# [ASSIGNED TASK]
I would like the lines below, from the one with "Убивает: ученые доказали" through the one with "灭火器消防器材价格 灭火器消防器材批发 灭火器消防器材厂家 第590页", copied exactly and without any pictures.

# [DATA UNDER STUDY]
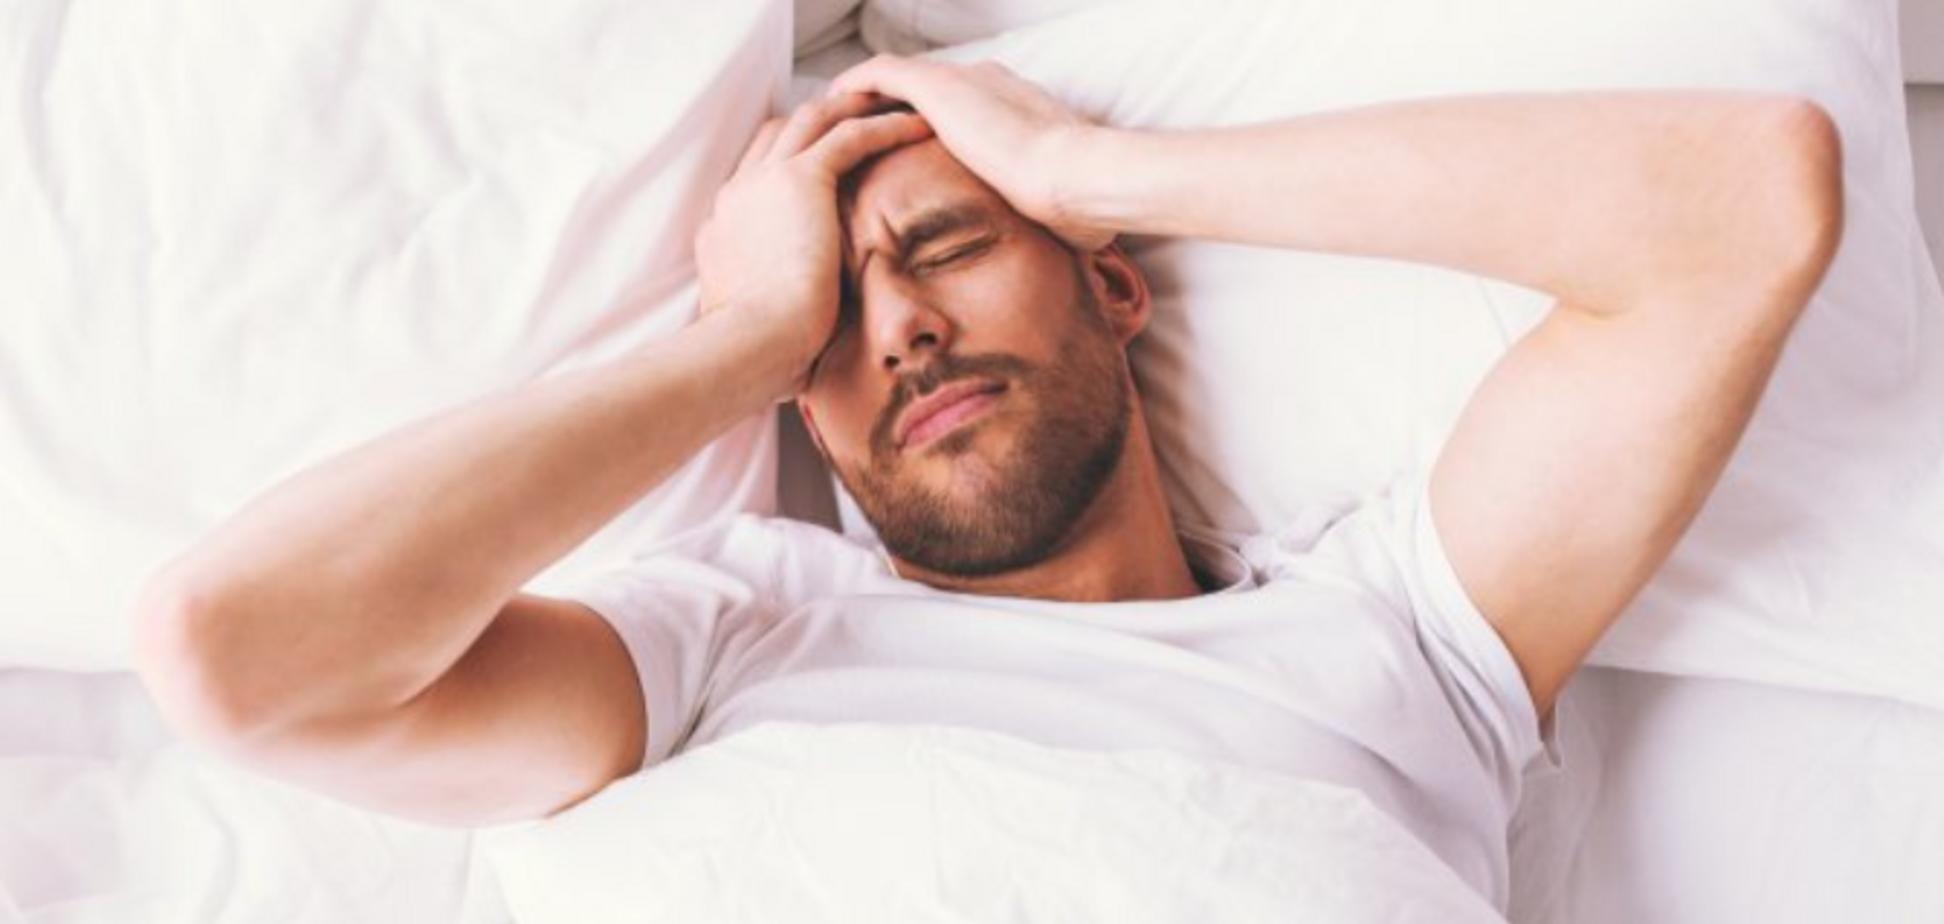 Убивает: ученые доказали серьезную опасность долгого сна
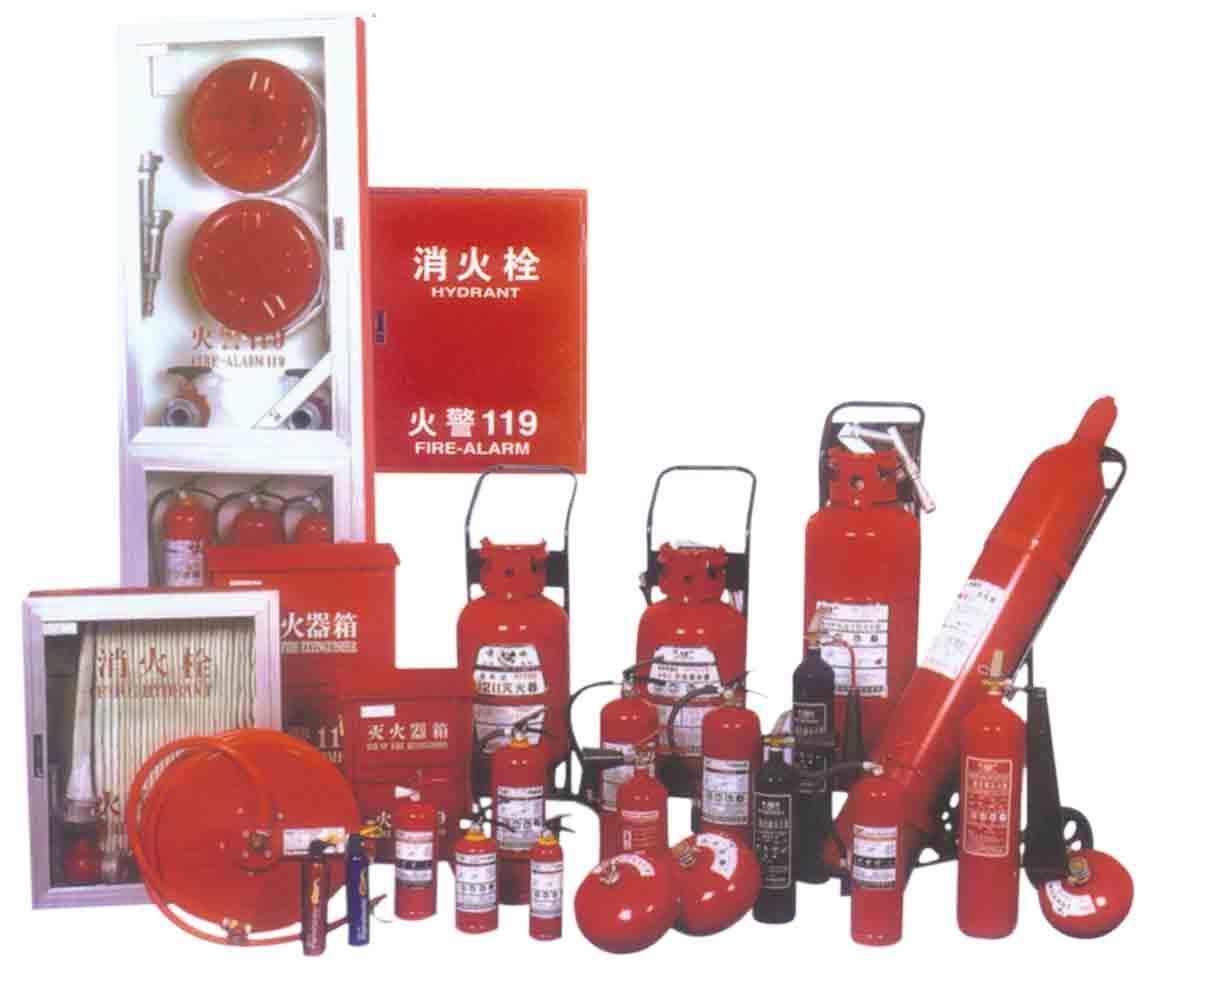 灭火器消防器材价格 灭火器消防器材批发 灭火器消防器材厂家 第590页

--

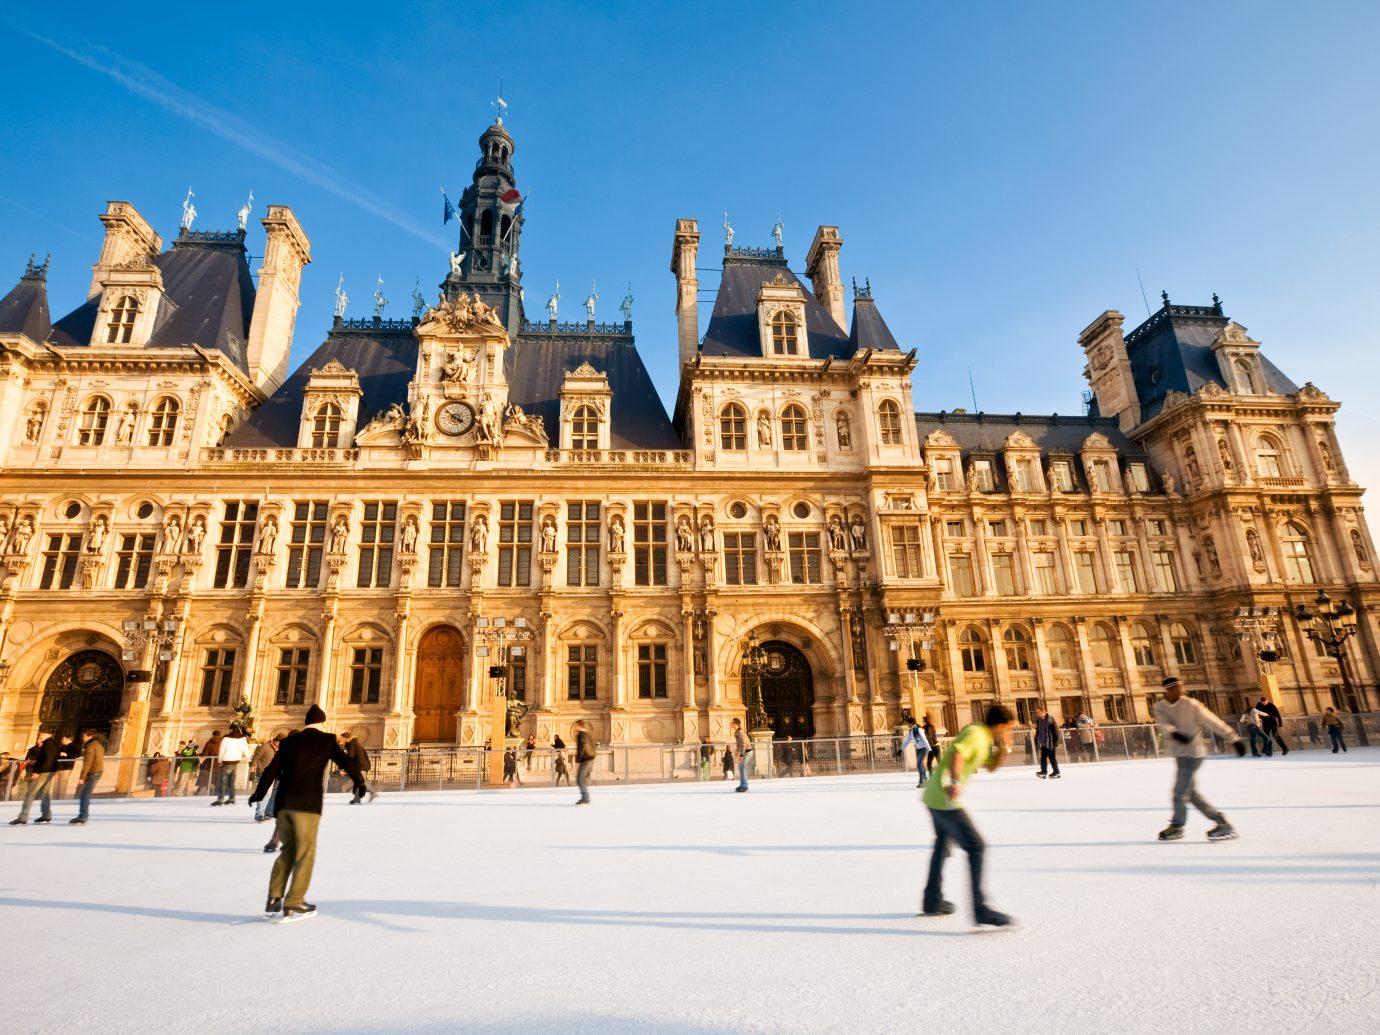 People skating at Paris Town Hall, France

# [THE ANSWER]
 Убивает: ученые доказали серьезную опасность долгого сна
 灭火器消防器材价格 灭火器消防器材批发 灭火器消防器材厂家 第590页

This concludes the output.